27.2.2 Experimental principle

In this experiment, we first conduct a relatively simple experiment of using a photoresistor. Since the photoresistor is a component that can change the resistance value according to the light intensity, naturally the analog port is also required to read the analog value. In this experiment, the PWM interface experiment can be used to replace the potentiometer with a photoresistor to realize the LED light when the light intensity is different. The brightness will also change accordingly.

A photoresistor is a light-controlled variable resistor. The resistance of a photoresistor decreases with the increasing incident light intensity; in other words, it exhibits photoconductivity. A photoresistor can be applied in light-sensitive detector circuits.

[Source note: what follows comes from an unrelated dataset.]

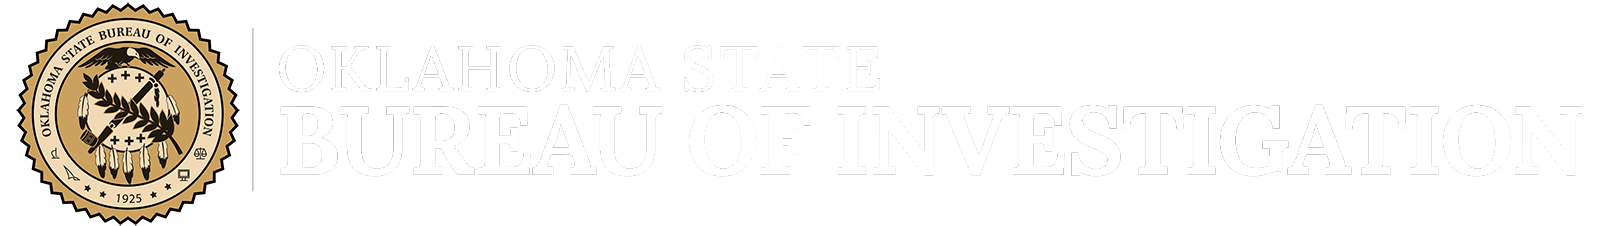 Oklahoma State Bureau of Investigation logo

A photoresistor is made of a high resistance semiconductor. In the dark, a photoresistor can have a resistance as high as a few megohms (MΩ), while in the light, a photoresistor can have a resistance as low as a few hundred ohms. If incident light on a photoresistor exceeds a certain frequency, photons absorbed by the semiconductor give bound electrons enough energy to jump into the conduction band. The resulting free electrons (and their hole partners) conduct electricity, thereby lowering resistance. The resistance range and sensitivity of a photoresistor can substantially differ among dissimilar devices. Moreover, unique photoresistors may react substantially differently to photons within certain wavelength bands.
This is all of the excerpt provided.